Method B: Using factor() and .cat.reorder()
If your data is in a pandas Categorical, you can reorder it directly, and ggplot will respect that order.
import pandas as pd
from plotnine import ggplot, aes, geom_point
# Create a Categorical type with a specific order
mpg['class'] = pd.Categorical(mpg['class'], categories=["pickup", "suv", "compact", "subcompact"], ordered=True)
plot = (
ggplot(mpg, aes(x='displ', y='hwy', color='class'))
+ geom_point()
)
print(plot)
# The legend will now be in the order: pickup, suv, compact, subcompact
Changing the Legend Position
By default, legends are placed on the right side of the plot. You can change this using the legend_position argument in theme().
"right"(default),"left","top","bottom""none"(to hide it, as seen before)- You can also use numeric coordinates like
(0.1, 0.9)for fine-grained control.
from plotnine import ggplot, aes, geom_point, theme
# Place legend at the bottom
plot_bottom = (
ggplot(mpg, aes(x='displ', y='hwy', color='class'))
+ geom_point()
+ theme(legend_position="bottom")
)
# Place legend in the top-left corner
plot_top_left = (
ggplot(mpg, aes(x='displ', y='hwy', color='class'))
+ geom_point()
+ theme(legend_position=(0.02, 0.98)) # x, y coordinates (0-1 range)
)
print(plot_bottom)
print(plot_top_left)
Modifying the Legend Appearance (Background, Box, Keys)
You can use the theme() function to control almost every aspect of the legend's appearance.
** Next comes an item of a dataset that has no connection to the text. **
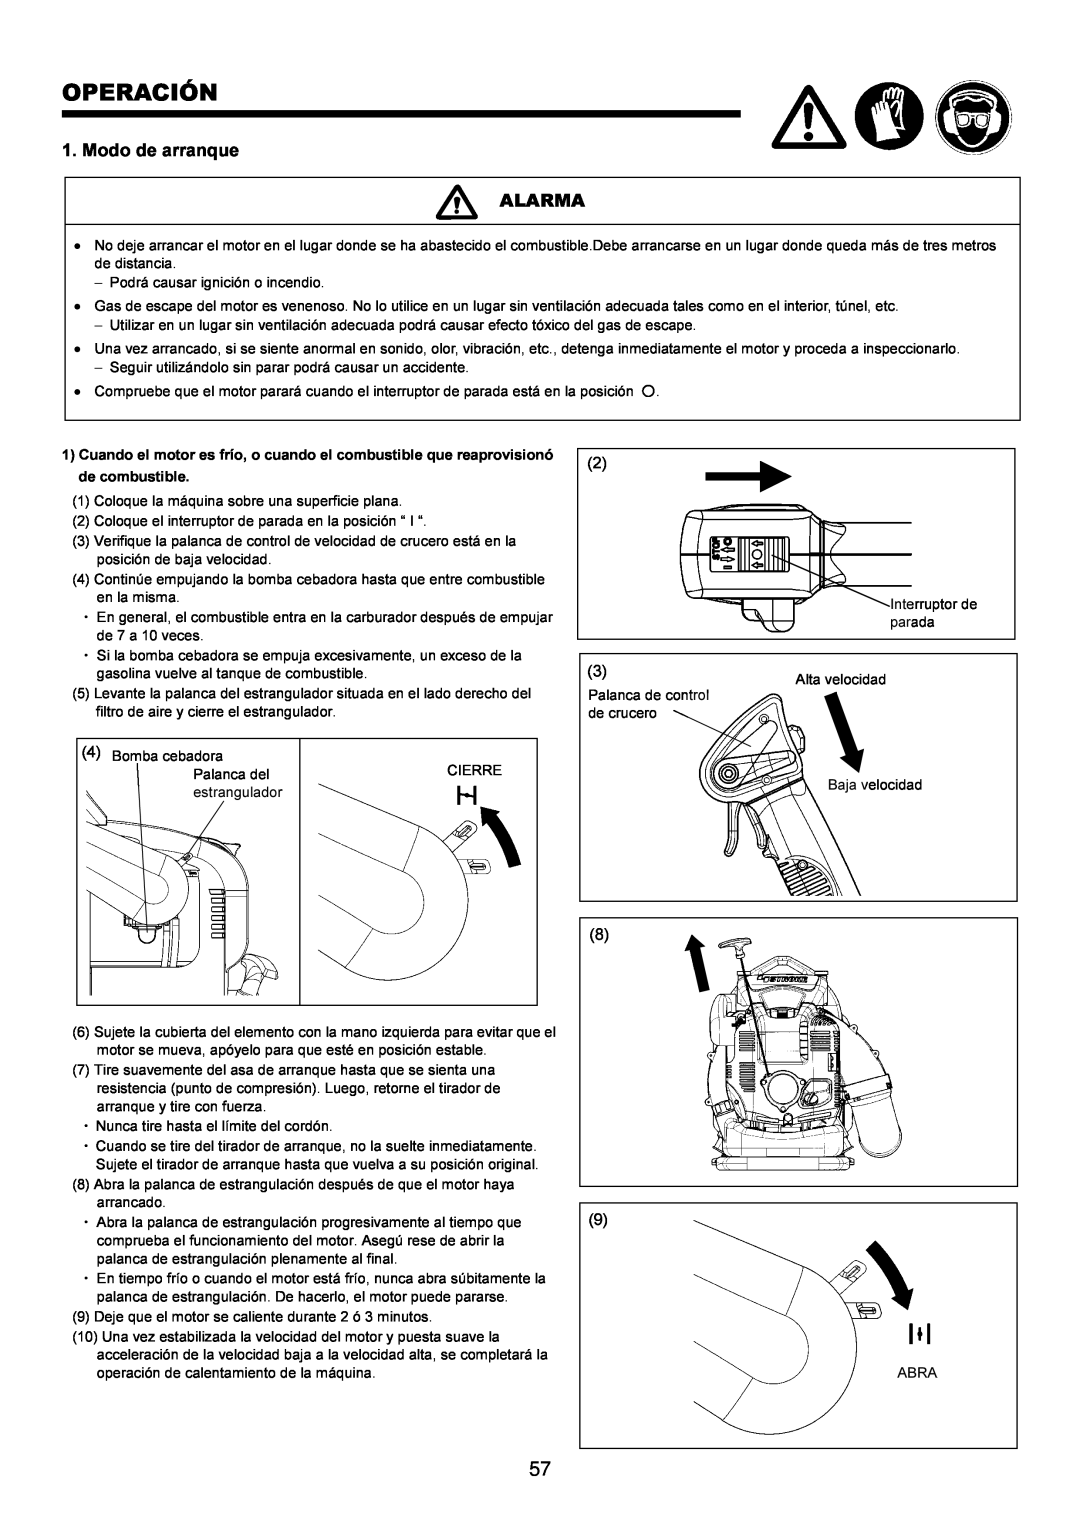 Makita BBX7600CA instruction manual Operación, Modo de arranque ALARMA 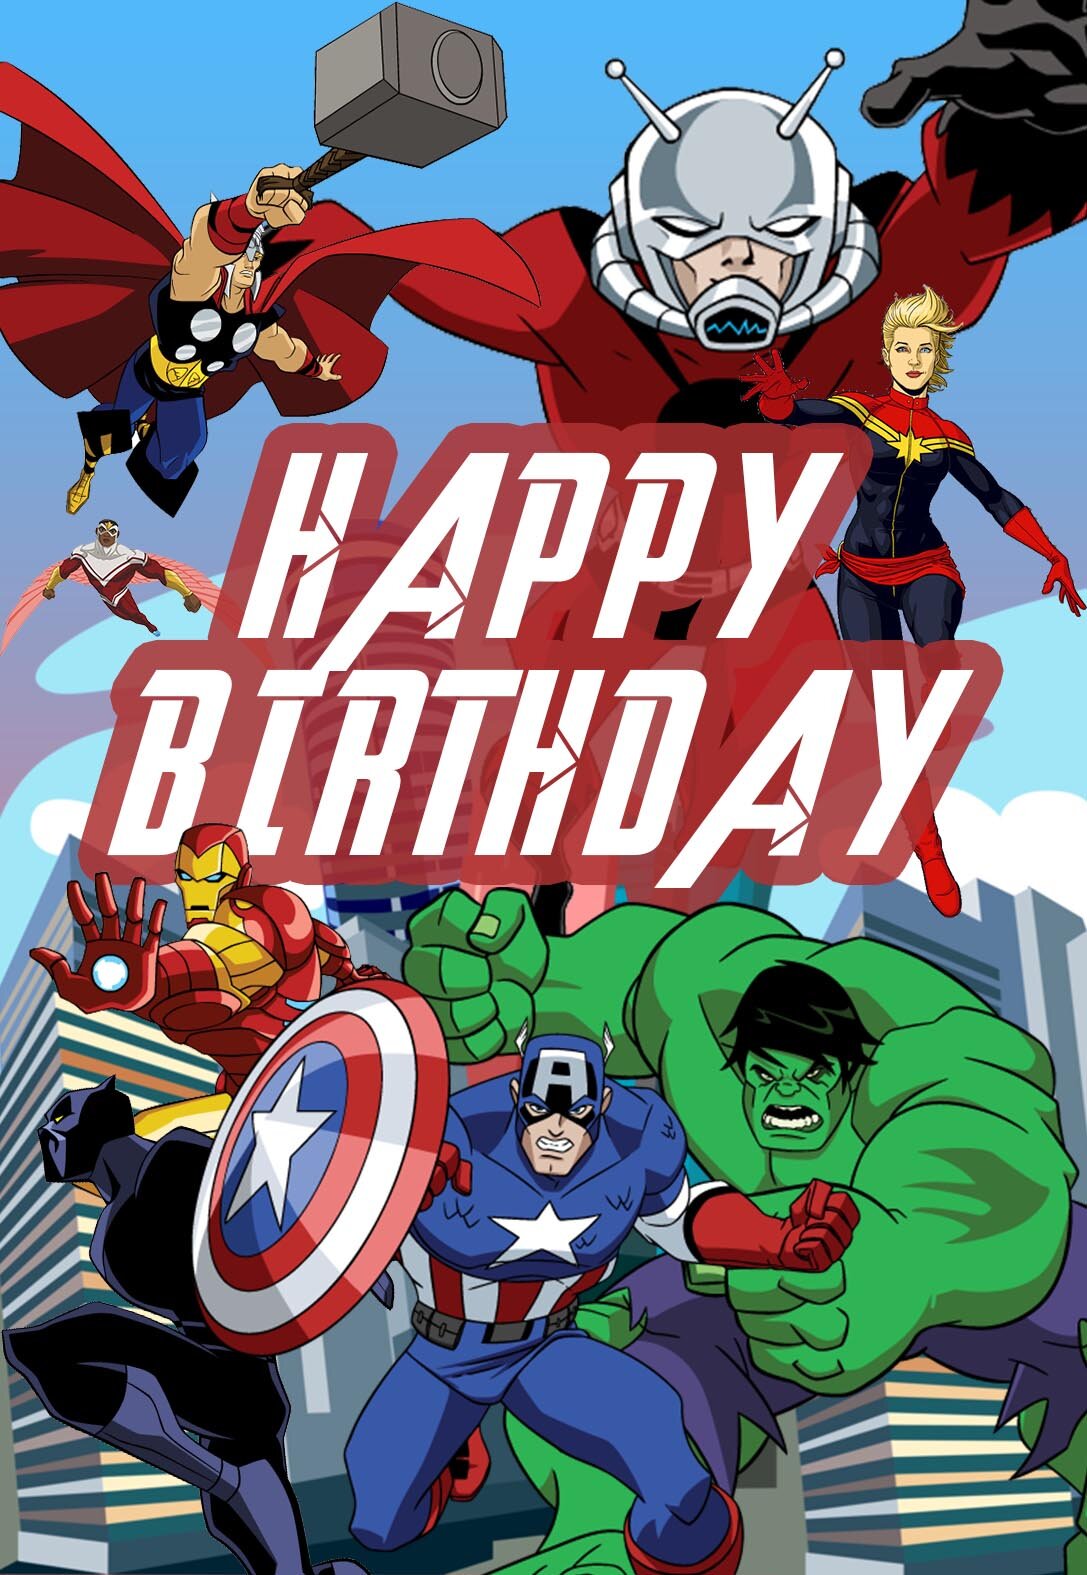 Free Printable Superhero Birthday Cards

legend_key: The box around the legend symbol (e.g., the colored square).legend_background: The background of the entire legend box.legend_text: The text of the legend labels.legend_title: The text of the legend title.
from plotnine import ggplot, aes, geom_point, theme, element_blank, element_rect, element_text
plot = (
ggplot(mpg, aes(x='displ', y='hwy', color='class'))
+ geom_point()
+ theme(
legend_position="bottom",
legend_key=element_rect(fill="lightblue", color="black", size=0.5), # Add a border and fill to legend keys
legend_background=element_rect(fill="yellow", alpha=0.3), # Add a semi-transparent background to the whole legend
legend_text=element_text(color="purple", size=10), # Change label text color and size
legend_title=element_text(face="bold.italic", size=12, color="darkblue") # Style the title
)
)
print(plot)
Complete Example: Putting It All Together
Let's create a final, polished example that combines several of these techniques.
import pandas as pd
from plotnine import (
ggplot, aes, geom_point, geom_smooth,
scale_color_manual, labs, theme,
element_rect, element_text
)
# Sample data
df = pd.DataFrame({
'x': [1, 2, 3, 4, 5, 6, 7, 8, 9, 10],
'y': [2.1, 3.9, 6.2, 7.8, 10.1, 12.3, 13.8, 16.